WHAT THE TASK REQUIRES :: Go to the line below containing "Jane Sterling Silver" and print exactly from there through the line containing "Список Мобильных Устройств, Работающих", both included. Print nothing else.

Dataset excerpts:
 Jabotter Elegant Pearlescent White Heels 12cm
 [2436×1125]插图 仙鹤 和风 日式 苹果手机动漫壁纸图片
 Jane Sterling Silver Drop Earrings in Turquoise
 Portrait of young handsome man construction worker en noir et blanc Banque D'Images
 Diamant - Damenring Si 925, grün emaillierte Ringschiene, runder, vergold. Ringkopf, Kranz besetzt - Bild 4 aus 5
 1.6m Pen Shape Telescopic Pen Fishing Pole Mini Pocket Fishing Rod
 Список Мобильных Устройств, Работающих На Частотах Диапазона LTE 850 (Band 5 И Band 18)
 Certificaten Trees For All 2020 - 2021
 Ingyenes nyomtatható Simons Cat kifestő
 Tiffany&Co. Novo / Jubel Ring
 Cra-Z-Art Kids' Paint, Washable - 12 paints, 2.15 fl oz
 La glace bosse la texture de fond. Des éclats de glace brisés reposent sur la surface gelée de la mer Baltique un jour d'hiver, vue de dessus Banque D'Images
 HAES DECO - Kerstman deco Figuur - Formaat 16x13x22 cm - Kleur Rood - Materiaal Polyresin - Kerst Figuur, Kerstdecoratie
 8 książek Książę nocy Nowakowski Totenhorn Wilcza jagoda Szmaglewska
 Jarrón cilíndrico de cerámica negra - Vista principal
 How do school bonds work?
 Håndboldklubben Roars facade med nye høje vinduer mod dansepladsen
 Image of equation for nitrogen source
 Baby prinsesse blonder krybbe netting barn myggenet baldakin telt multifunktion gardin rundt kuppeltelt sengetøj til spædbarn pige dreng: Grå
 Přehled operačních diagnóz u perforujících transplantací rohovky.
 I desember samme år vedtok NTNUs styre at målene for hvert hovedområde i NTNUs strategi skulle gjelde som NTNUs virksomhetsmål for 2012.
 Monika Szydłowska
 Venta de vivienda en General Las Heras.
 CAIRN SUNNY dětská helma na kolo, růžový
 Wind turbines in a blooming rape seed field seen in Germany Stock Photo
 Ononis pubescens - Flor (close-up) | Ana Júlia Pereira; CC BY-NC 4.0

RESPONSE TO THE EXERCISE ::
 Jane Sterling Silver Drop Earrings in Turquoise
 Portrait of young handsome man construction worker en noir et blanc Banque D'Images
 Diamant - Damenring Si 925, grün emaillierte Ringschiene, runder, vergold. Ringkopf, Kranz besetzt - Bild 4 aus 5
 1.6m Pen Shape Telescopic Pen Fishing Pole Mini Pocket Fishing Rod
 Список Мобильных Устройств, Работающих На Частотах Диапазона LTE 850 (Band 5 И Band 18)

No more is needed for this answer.